Durant les jours précédant le match, dès le coup d'envoi du rassemblement de Feusisberg, on a senti l'émergence d'un nouveau courant, l'expression d'une envie réinventée.

Fin connaisseur du microcosme particulier que constituent les différentes sélections, Gérard Castella évoque un «passage de témoin réussi» avec l'arrivée d'une génération triomphante personnalisée par Shaqiri.

«On profite de la nouvelle génération, reconnaît l'actuel coach des M18. Ces joueurs ont le même langage, la même insouciance, les mêmes rêves, les mêmes soucis. Au creux de la vague, Hitzfeld ne s'est jamais affolé.
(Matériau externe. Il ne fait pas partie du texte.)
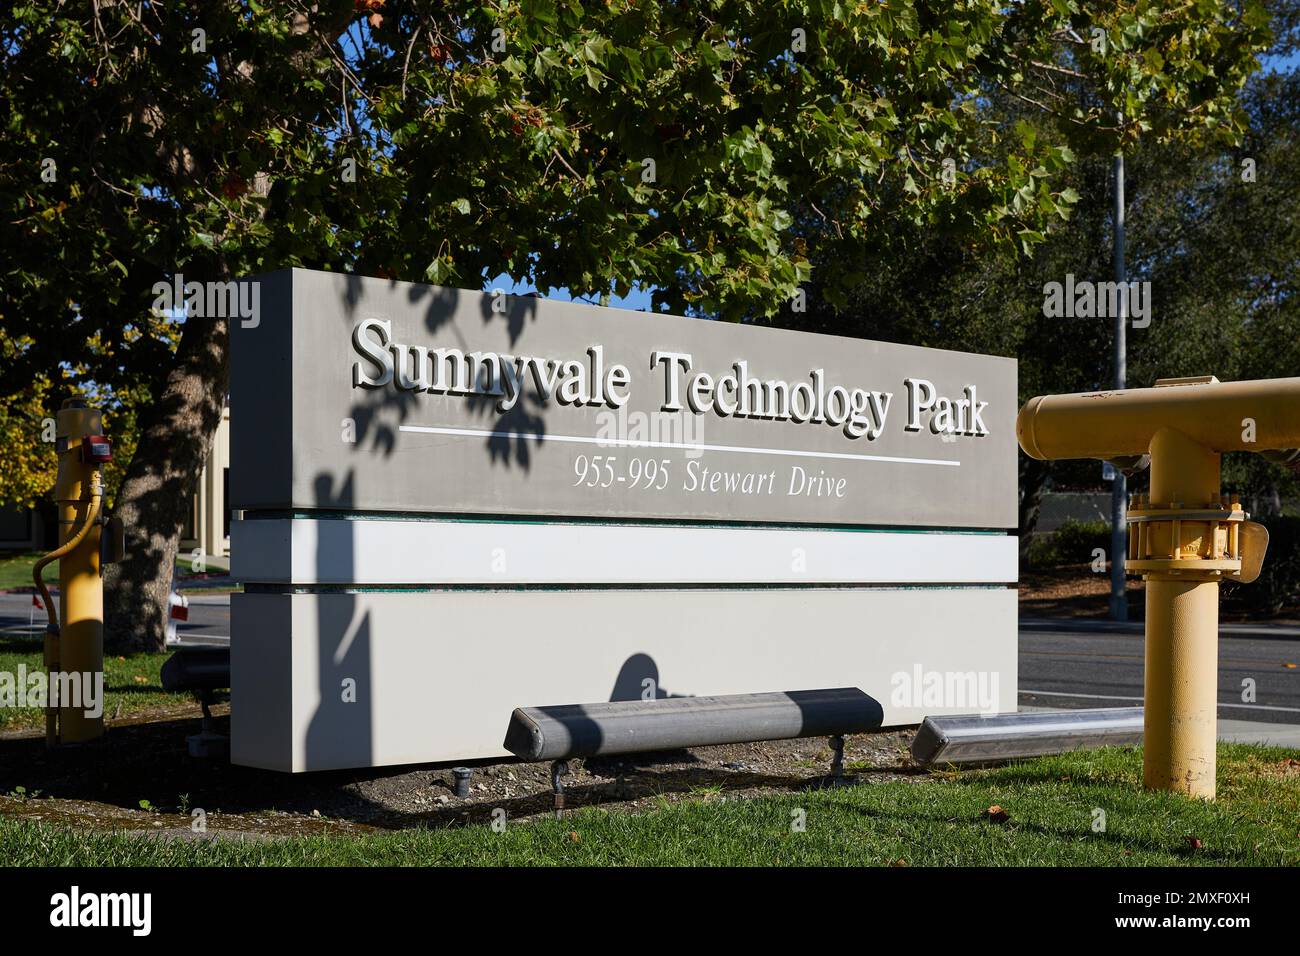 Sunnyvale Tech Park, sign; Stewart Drive, Sunnyvale, California Stock Photo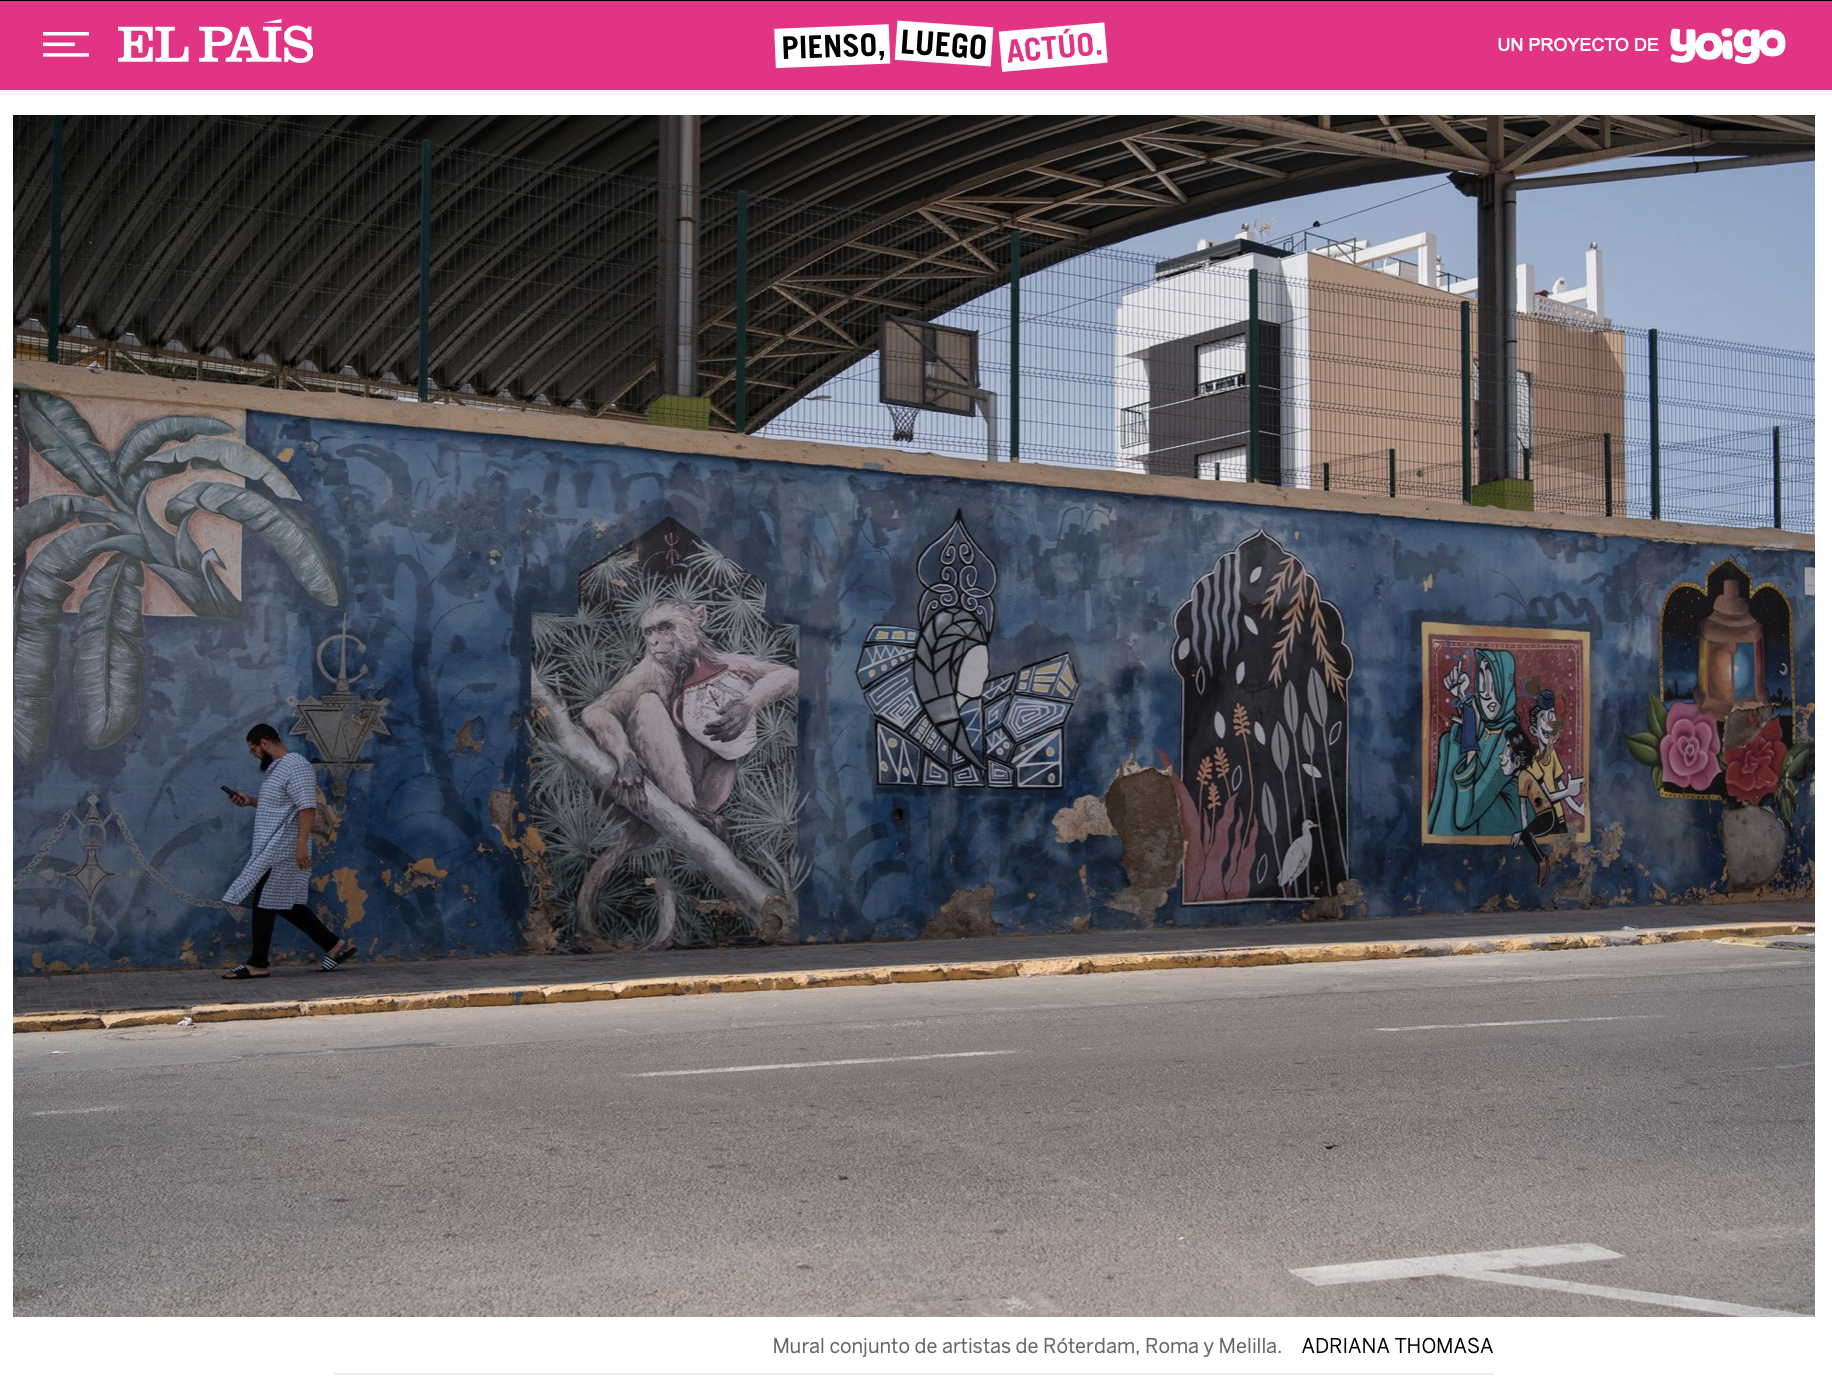 El País: El antropólogo que reduce las distancias sociales en Melilla sin derribar un solo muro

Il n'a pas paniqué dans les moments difficiles. En Angleterre, on a retrouvé des qualités qui nous conviennent. On ne peut pas se permettre de ne pas jouer ensemble.»

Président de l'ASF, Peter Gilliéron n'a rien oublié de cette fin d'après-midi du 4 juin 2011. Ni la joyeuse ambiance – favorisée par la présence de 10 000 supporters suisses ayant traversé la Manche – ni l'audacieux coup de poker de Hitzfeld. Dans les salons cossus du Sopwell House Hotel, à St Albans, la splendide demeure géorgienne où la Suisse prépare son match, flotte déjà l'embaumant parfum du changement. «Je me souviens dem'être dit que la concentration était différente. Je ressentais une immense volonté de bien faire les choses, et de les faire autrement, aussi.»

L'importance du décor

S'il met en avant l'aboutissement d'un processus entamé deux ans plus tôt, au Nigeria, avec la conquête du titre mondial des M17, le patron du football helvétique insiste sur un élément moins souvent avancé, tenant à la majesté historique du décor, à la solennité des lieux. «Le fait d'être à Wembley, dans la patrie du football, a sans doute favorisé le déclic. Ce qui est présenté aujourd'hui comme un match charnière n'est pas le fruit du hasard. On a tout fait pour préparer ce moment-là.»

Ainsi l'avènement de Granit Xhaka au même titre que celui de Shaqiri aurait-il été planifié. «On savait déjà qu'on disposait d'atouts dans notre jeu, convient Peter Gilliéron. La seule question était de savoir quand Hitzfeld les jouerait.» Née sur la pelouse de Wembley, cette nouvelle Suisse a fièrement pris aujourd'hui les devants du groupe E après avoir signé le départ idéal (deux victoires, quatre buts marqués, aucun reçu).

L'engouement populaire n'a pas tardé à se manifester puisqu'on jouera à guichets fermés vendredi soir à Berne. «On n'a encore rien atteint mais la pression négative s'est désormais transformée en une pression positive, de nature à transporter l'équipe jusqu'au Brésil, se réjouit Peter Stadelmann. Les résultats font office de baromètre. Il ne s'agit même que de ça. Seul le succès permet d'écrire de belles histoires.»

L'exaltant feuilleton joué par une équipe sans crainte ni limites va tenir le pays en haleine.